This is the story of recently promoted Detective Inspector Jo Birmingham one of the few to be found in Dublin. She is a single mum, desperate to try to balance her work and her children all the while trying to find a serial killer.
Jo Birmingham needs to be taken seriously in a male dominated world, a world where she is looking to move ahead but seems to stumble at every turn not because of her incompetency or her manner but by her male boss. Who just happens to be her ex-husband. Trying to solve these multiple murders and catch the killer is even more important now.
Birmingham knows what the link is to these bodies, religion and vengeance although this theory appeared to be plucked out of the air and everyone ran with it no questions. We are taken into a world of gang warfare, drugs, prostitutes and religion. For me I felt there were elements of a Dan Brown novel trying to come through but influenced by recent crimes and this was confusing. Even now I am not sure where it all fits in. The parable from the Book of Exodus; a life for a life, an eye for an eye, etc. Is the basis of the murderer’s crimes? So where does the Garda fit in, in solving this and do the press know more than they are letting on? As the net closes in, and people are brought to task about involvement in matters that do not concern them, has Birmingham left it too late?
I cannot deny this book was a page turner and was gripping, though I did not find it terrifying as pitched on the front of the book. I could sleep quite soundly after having read it. There were some graphic parts but necessary ones they were there to give strength to the crimes that had been committed. Jo Birmingham was a strong character and her will and determination to succeed was everything even when she has obviously failed at their marriage she had to show her husband she could succeed at something. He knows this but ego and circumstances get in the way. There is very little about her personal life, we see the domestic side, but not too much that it takes away from the focus of the story which was a serial killer and their capture. Everything is wrapped up in the end but there is plenty of scope for more from Birmingham and I am her ex husband will prove to be her nemesis.
I would not actively go out and buy another of Niamh O’Connor’s novels but I would not turn my nose up at reading another one if one happened to come my way.
This was the second book I have read in the Great Transworld Crime Caper Challenge.

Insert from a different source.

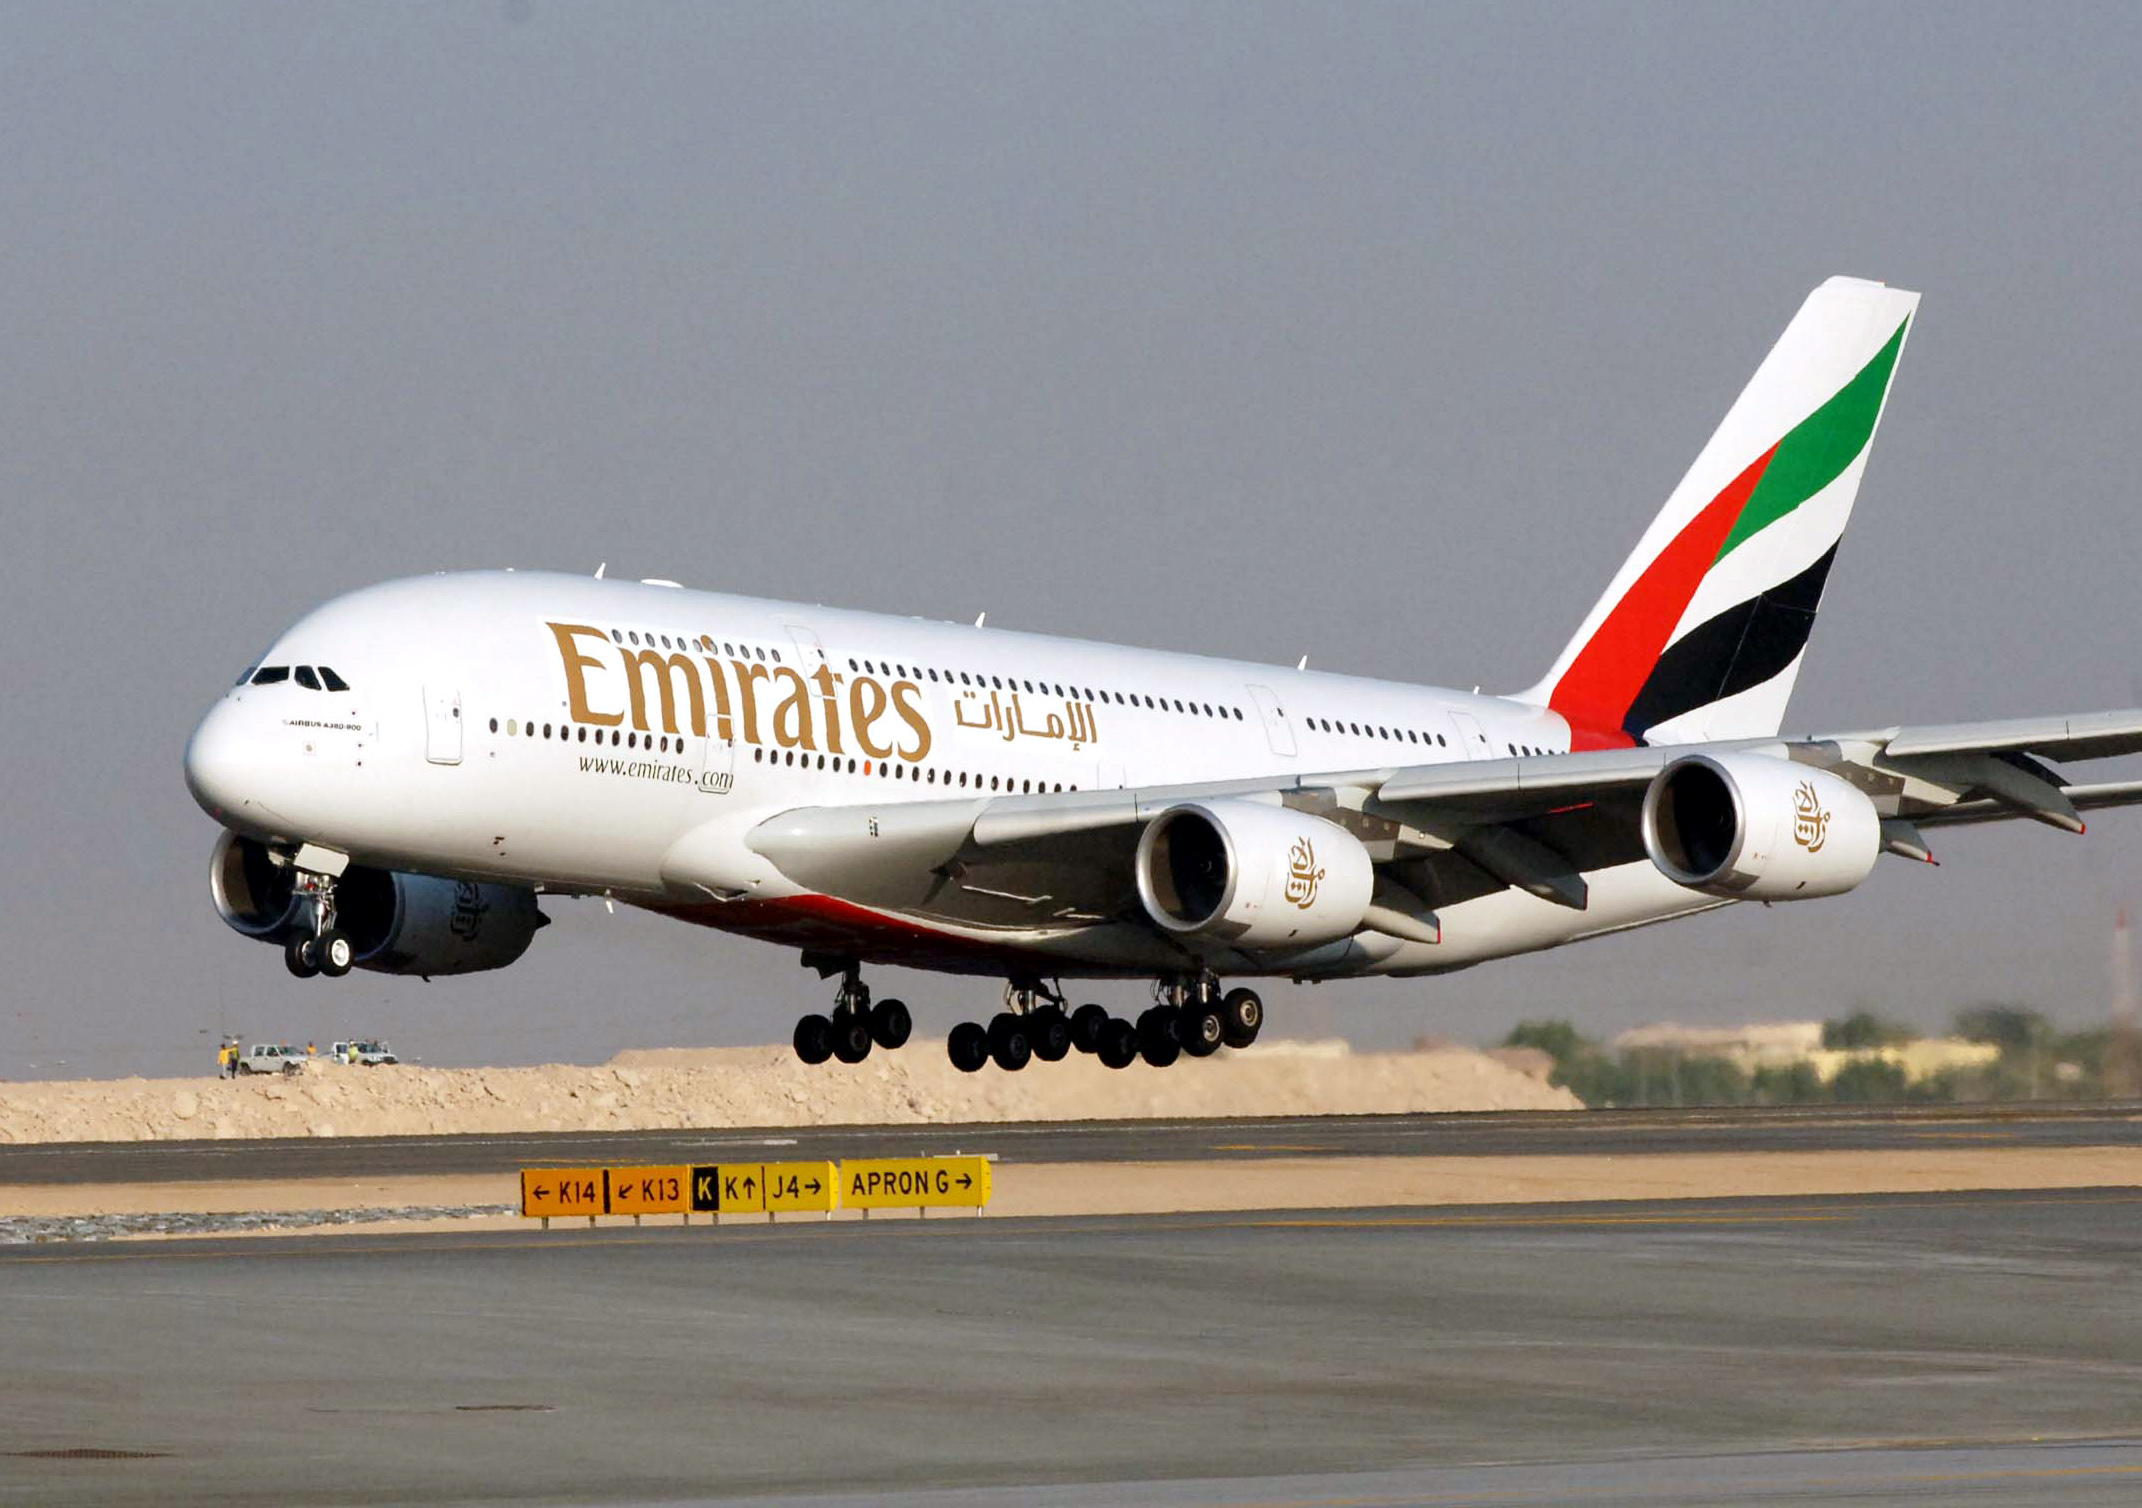 Paret arbetade som flygvärdar på Emirates Airlines.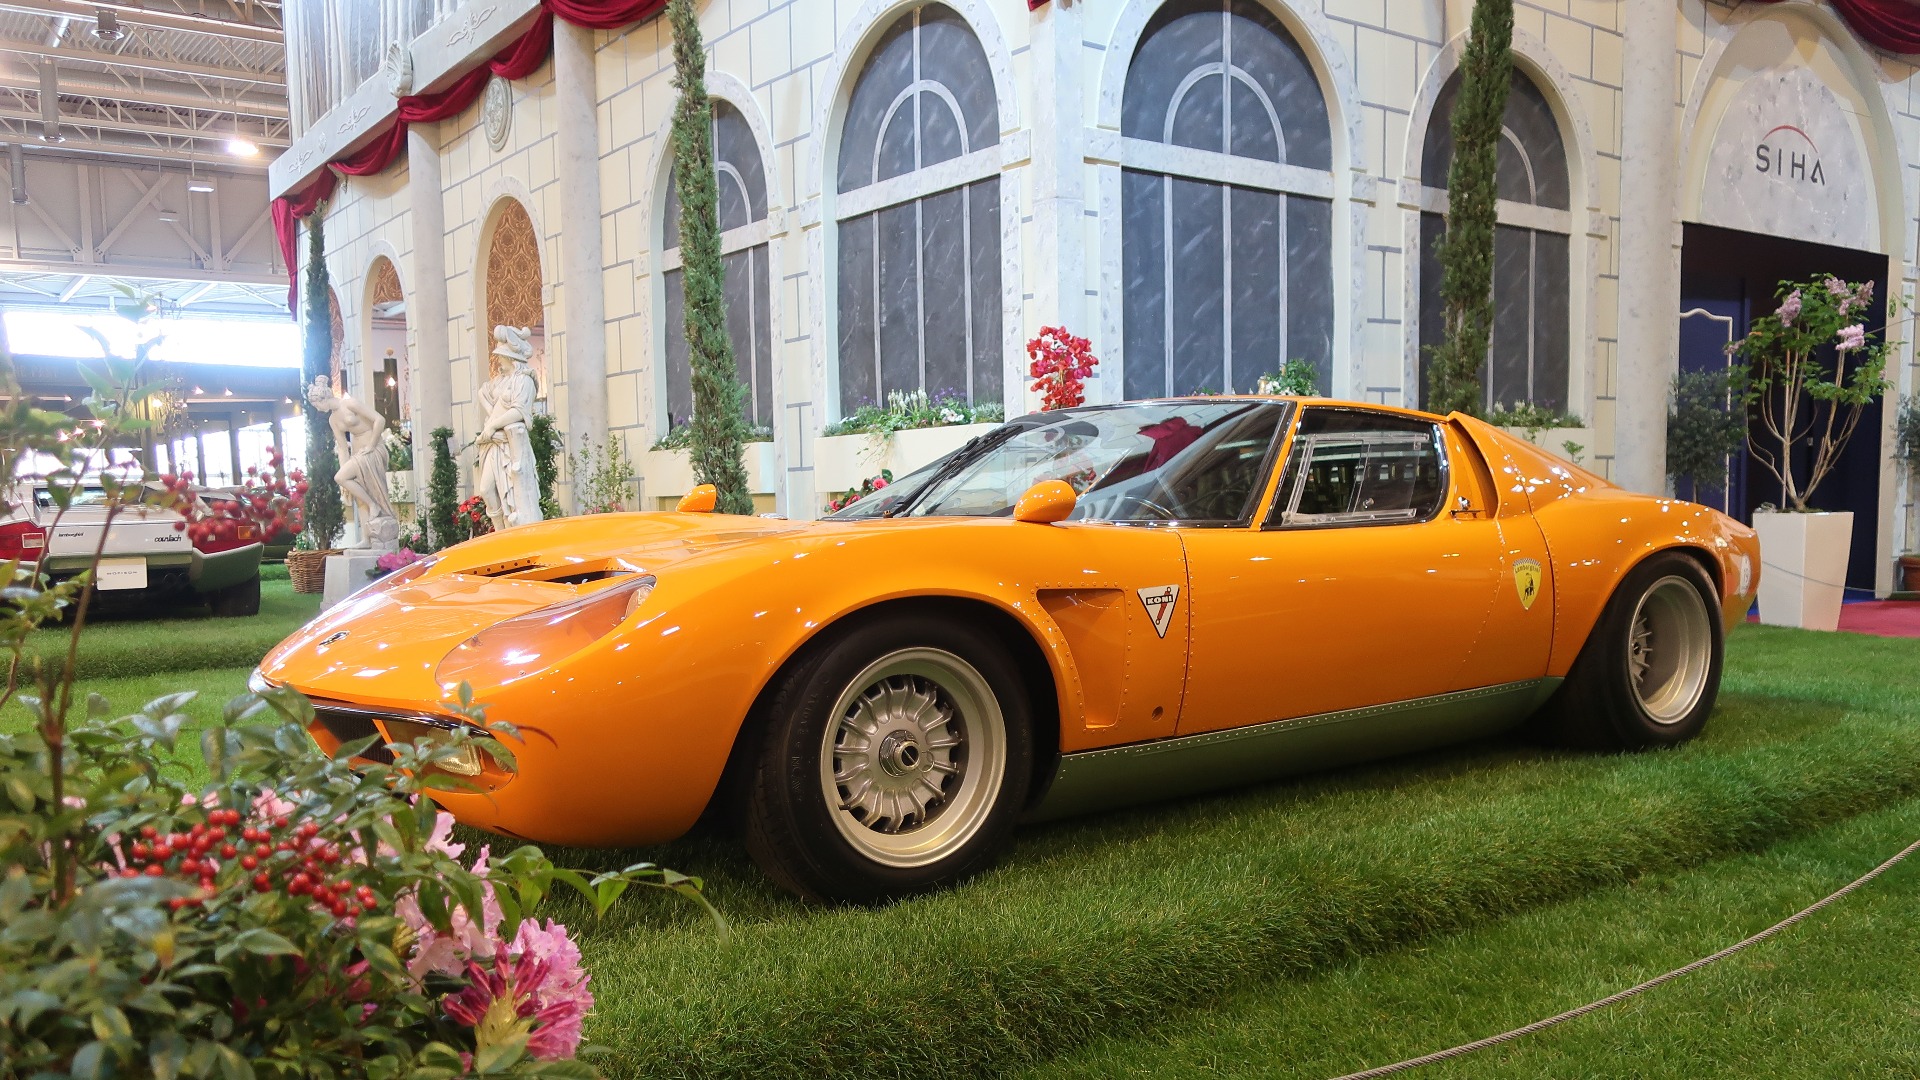 Arrangørene hadde laget en egen Lamborghini-stand for å feire merkets 60-års jubileum, hvor blant annet denne fantastiske Miura Jota tribute-bilen stod.

I think I could have waxed lyrical more about this book but this would have taken me down various paths and not captured the book, which is what I try to do in a review. Hopefully doing it justice. My main lyrical wax is the cover. I think it is awful. There I have said it. I admit I would never have picked up this book in a shop. A shame because it was fundamentally a good debut novel which no doubt will be built on in subsequent books. The cover does nothing to hint of the book which is inside, a blond women in leathers in the foreground with a city blurred into lights behind her. I am also unsure of the title, that again does nothing for the reader or for me at least.
Now I chose this book so I must have had a reason because based on what I have written I would not have chosen this books? I think this is a good example of ‘never judge a book by its cover’! But we do and I do and I think having seen the list of books that I could read for this challenge and reading the blurbs about them, it was the blurb that spoke to me. But if I had seen this book I would never have turned it over and read the blurb. Picking a book is a tricky business.
This is a great review, I might keep an eye out for it now that I’ve read this. If I’m honest the cover would have put me off before, it just looks like stock pulp fiction.
I definitely agree with you on the cover – I picked this one up from the shelf in the library because the name was familiar and then put it down again because it looked so generic. Now you have me thinking I may give it a whirl when this type of book appeals, but i won’t be heartbroken if someone else gets there first.
I doubt I would have picked this one for its cover either. The book does sound good though.
I’m in the middle of my 3rd book for the Transworld Crime Caper – The Chemistry of Death by Simon Beckett. Very good so far!